Let us visualize the data
# Plot the series
ggtsdisplay(power_ts, main="Before Transformation, Monthly Power Consumption")
There seems to be one outlier in the dataset.That outlier is the minimum value and we will replace it with the median value.
power$KWH[which.min(power$KWH)] = median(power$KWH, na.rm=TRUE)
power_ts <- ts(power$KWH, start=c(1998,1), frequency = 12)
Let us look at the seasonal plots and subseries plots.
ggseasonplot(power_ts, polar=T)
ggsubseriesplot(power_ts)
There is clear monthly seasonality in the data with Kwh dropping in May and Nov.
power_ts %>%
stl(t.window=13, s.window="periodic", robust=TRUE) %>%
autoplot()
The seasonality is additive and there is a clear upward trend.
We will use ndiff and nsdiff to find recommended transformations.
ndiffs(power_ts)
## [1] 1
nsdiffs(power_ts)
## [1] 1
power_lambda <- BoxCox.lambda(power_ts)
power_lambda
## [1] -0.2134819
We will do the transformations and look at the series.
power_ts %>% BoxCox(power_lambda) %>% diff() %>% diff(lag=12) %>% ggtsdisplay()
The data is more stationery now. We will try the Holt Winters Additive seasonal method, ets and arima on this one also as it worked well with the ATM data.
power_holt <- power_ts %>% hw(h=12, seasonal="additive", damped=TRUE,
lambda = power_lambda)
autoplot(power_holt) + theme_minimal()
data.frame(accuracy(power_holt))
## ME RMSE MAE MPE MAPE MASE ACF1
## Training set 68172.65 635326.8 467792.1 0.2440629 7.066414 0.7324877 0.1997796
checkresiduals(power_holt)
##
## Ljung-Box test
##
## data: Residuals from Damped Holt-Winters' additive method
## Q* = 42.687, df = 7, p-value = 3.834e-07
##
## Model df: 17. Total lags used: 24
power_ets <- power_ts %>% ets(model="ZZZ", lambda = power_lambda)

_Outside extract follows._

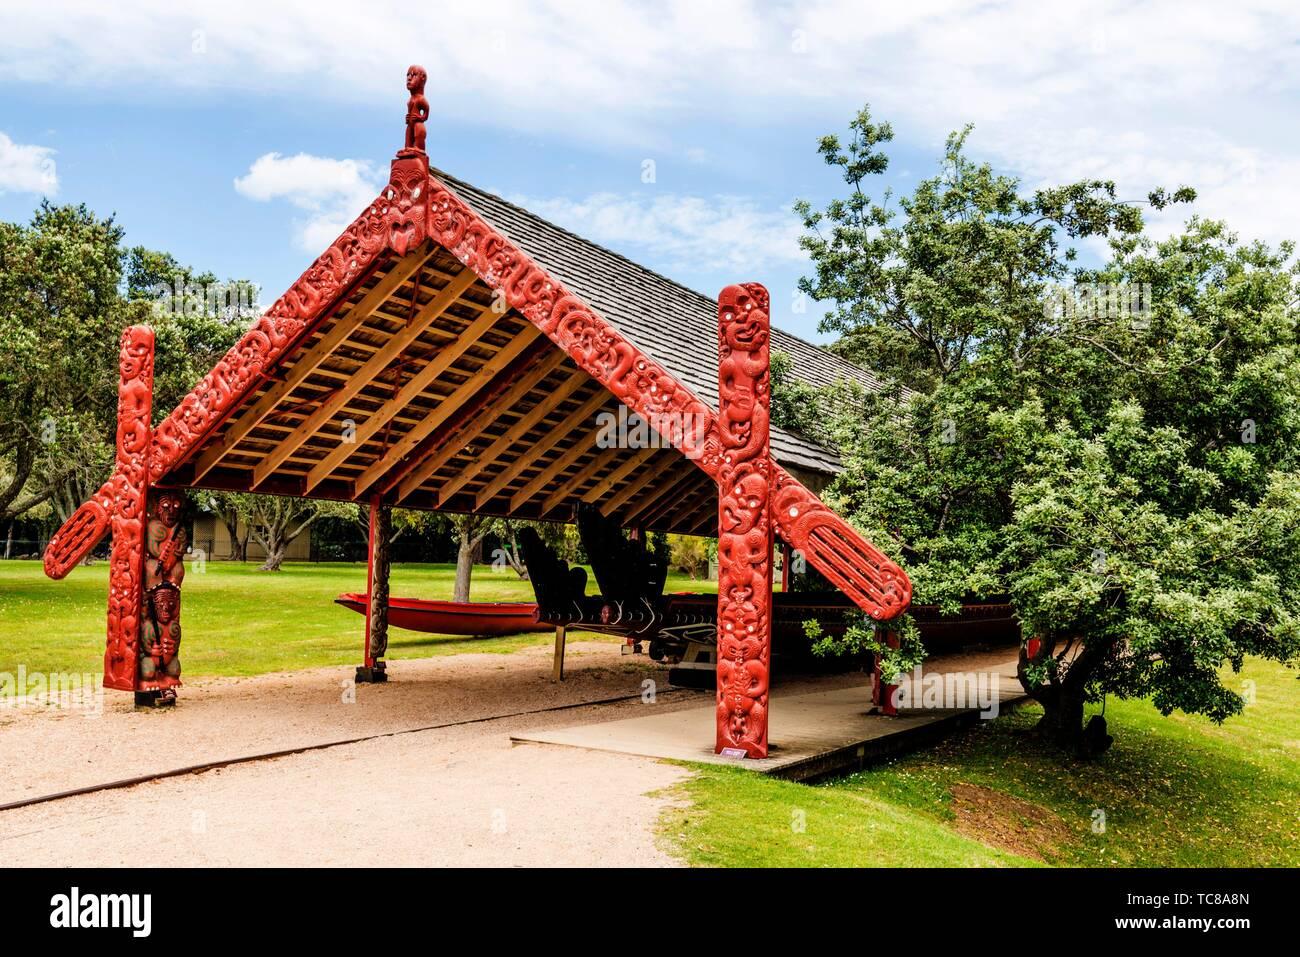 Maori canoe at the Waitangi Treaty Grounds, New Zealand. - Stock Image
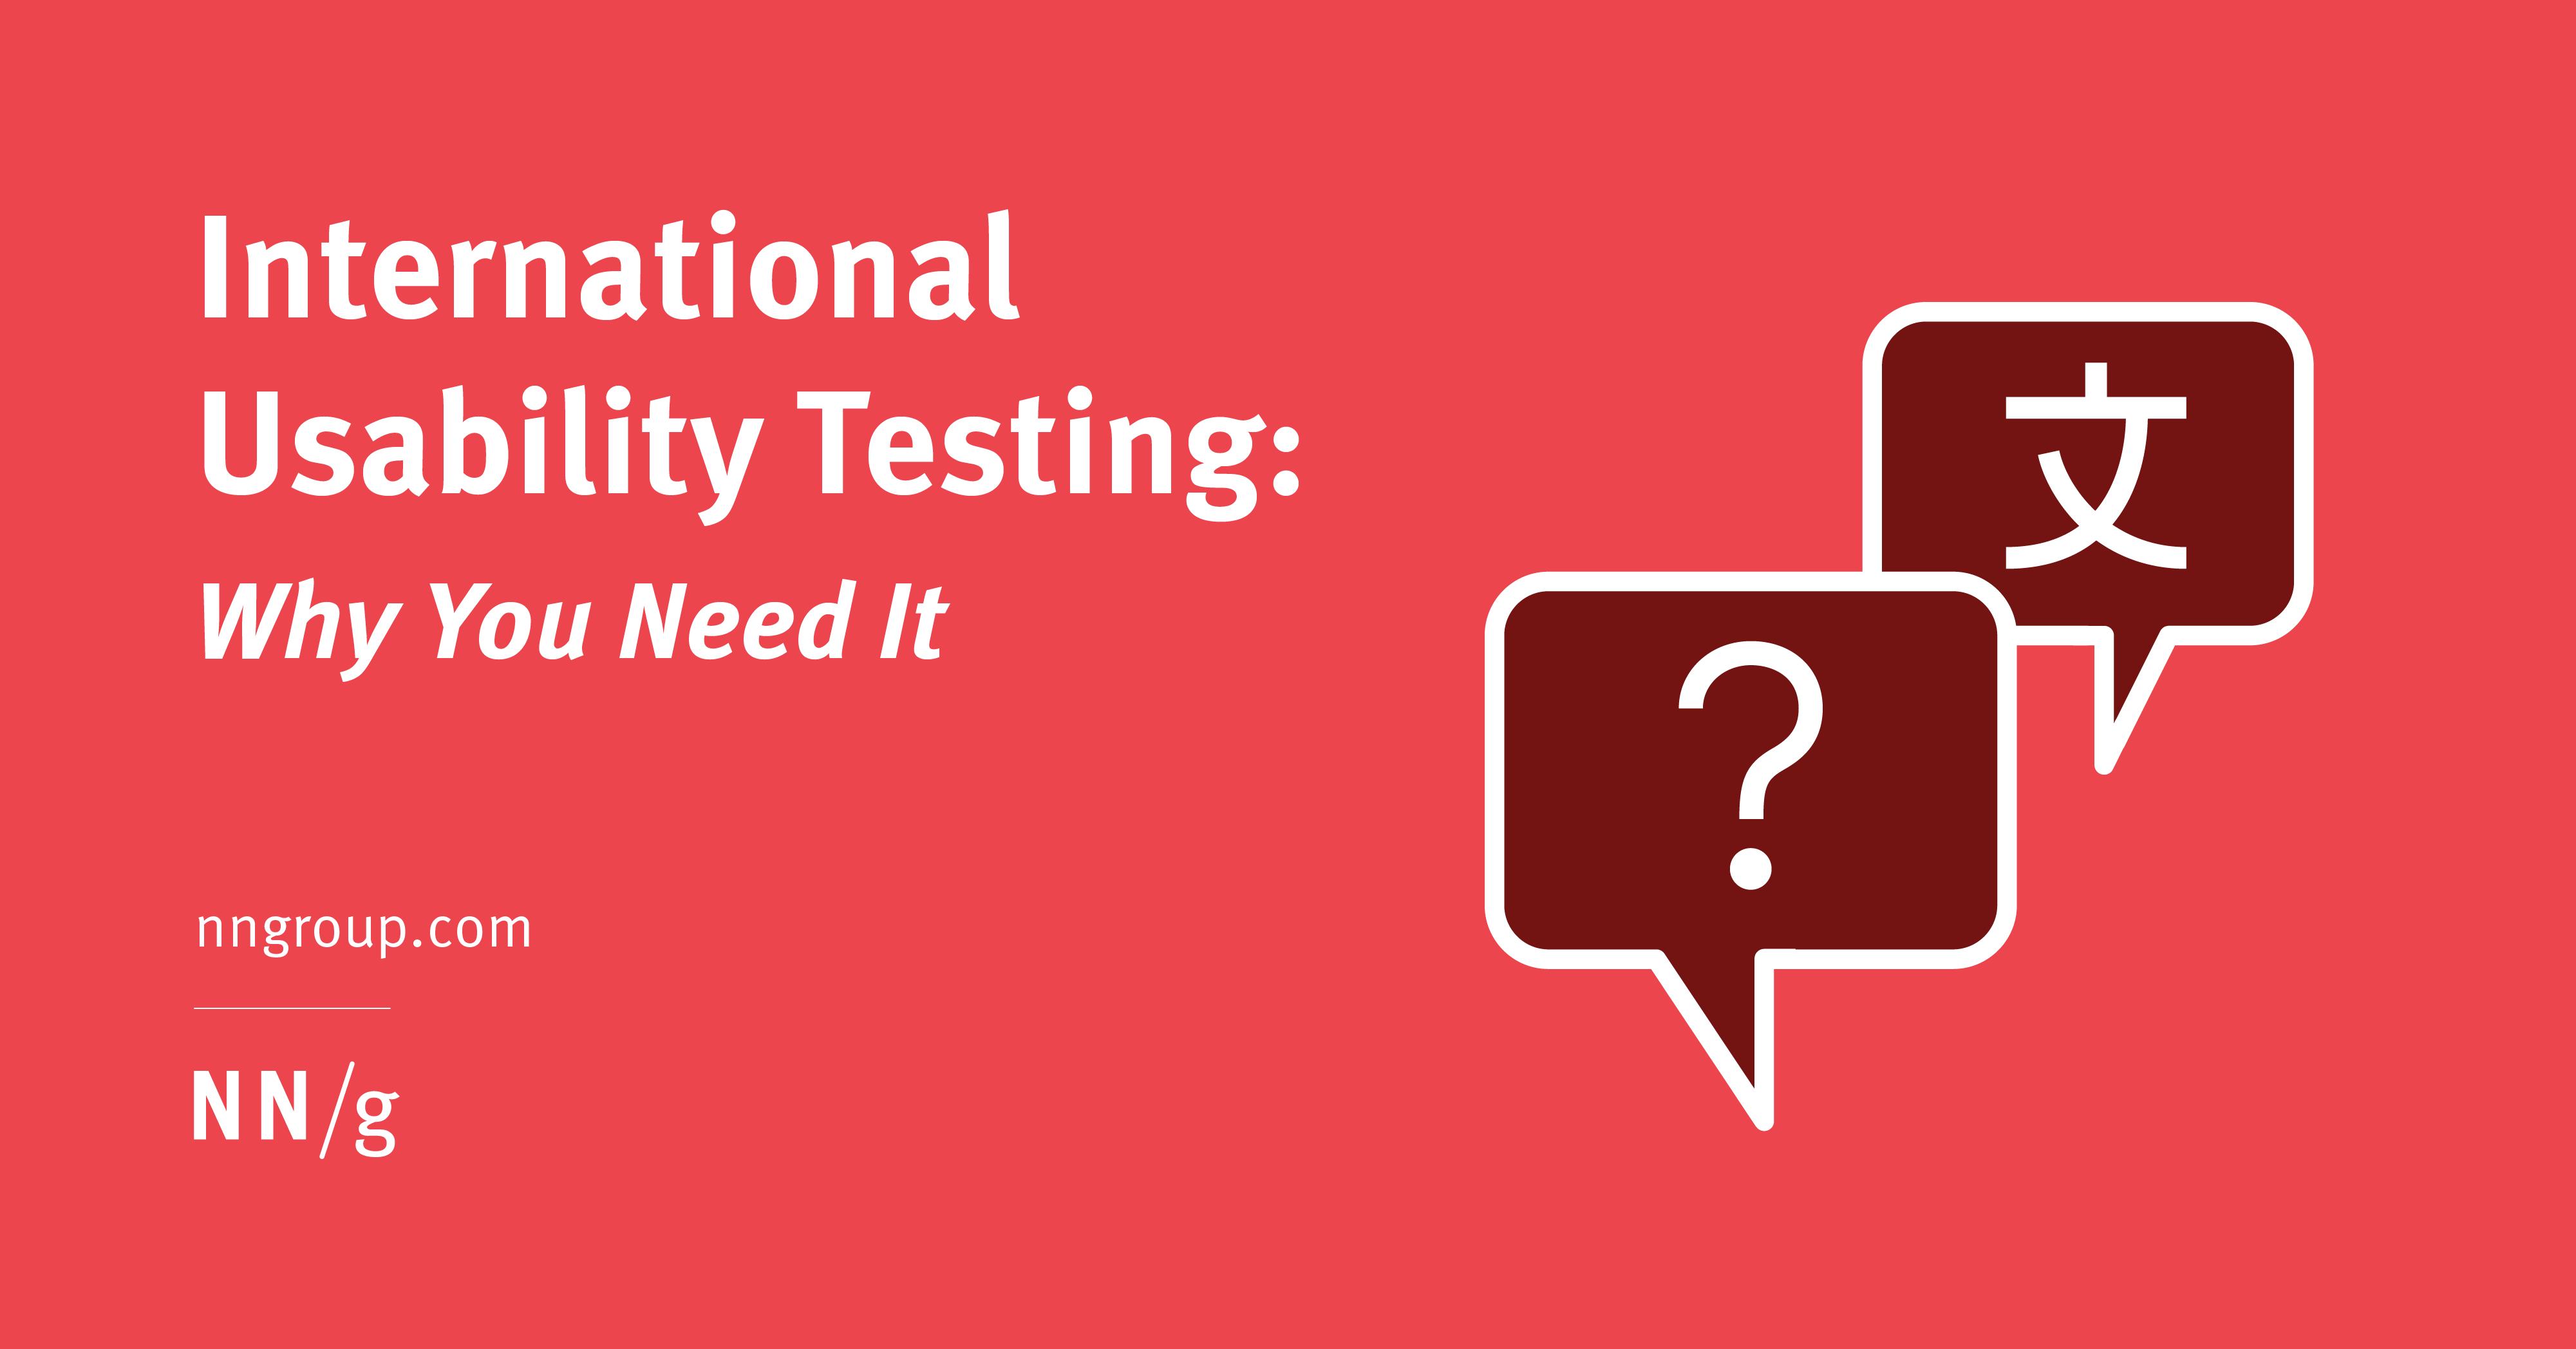 International Usability Testing: Why You Need It

autoplot(power_ets) + theme_minimal()
autoplot(forecast(power_ets, h=12)) + theme_minimal()
data.frame(accuracy(power_ets))
## ME RMSE MAE MPE MAPE MASE ACF1
## Training set 83565.8 651760.3 492095.4 0.5214465 7.396141 0.7705427 0.2319153
checkresiduals(power_ets)
##
## Ljung-Box test
##
## data: Residuals from ETS(A,N,A)
## Q* = 34.232, df = 10, p-value = 0.0001687
##
## Model df: 14. Total lags used: 24
power_arima <- auto.arima(power_ts, seasonal = TRUE, lambda = power_lambda)
autoplot(forecast(power_arima, h=12)) + theme_minimal()
data.frame(accuracy(power_arima))
## ME RMSE MAE MPE MAPE MASE ACF1
## Training set 55793.68 652393.9 498502.7 0.2329465 7.561432 0.7805756 0.1092852
checkresiduals(power_arima)
##
## Ljung-Box test
##
## data: Residuals from ARIMA(1,0,0)(2,1,0)[12] with drift
## Q* = 32.613, df = 20, p-value = 0.03719
##
## Model df: 4. Total lags used: 24
This is an interesting method and combines ets and arima models.
library(forecastHybrid)
## Warning: package 'forecastHybrid' was built under R version 4.0.4
## Loading required package: thief
## Warning: package 'thief' was built under R version 4.0.4
power_hybrid<-power_ts%>%hybridModel(model = 'ae', lambda = power_lambda)
## Fitting the auto.arima model
## Fitting the ets model
autoplot(forecast(power_hybrid, h=12)) + theme_minimal()
data.frame(accuracy(power_hybrid))
## ME RMSE MAE MPE MAPE ACF1 Theil.s.U
## Test set 69679.74 627641.4 467851.8 0.3771965 7.03551 0.1499348 0.4407237
checkresiduals(power_hybrid)
## Warning in modeldf.default(object): Could not find appropriate degrees of
## freedom for this model.
Comparing the results, the hybrid model results in the lowest RMSE. The ACF resembles a white noise and the residuals look almost normal. We will therefore be using this hybrid model to forecast the power data.
test <- forecast(power_hybrid, h=12)
test1 <- data.frame(test)
#xlsx::write.xlsx(test1, 'POwer 12 months prediction.xlsx')
The power dataset had monthly data from 1998 to 2013. We were asked to predict for 12 months in 2014. There was one missing value and one outlier, both replaced by the median values. Different techniques that included seasonality were tested and finally the hybrid model with the lowest RMSE was used to predict the series.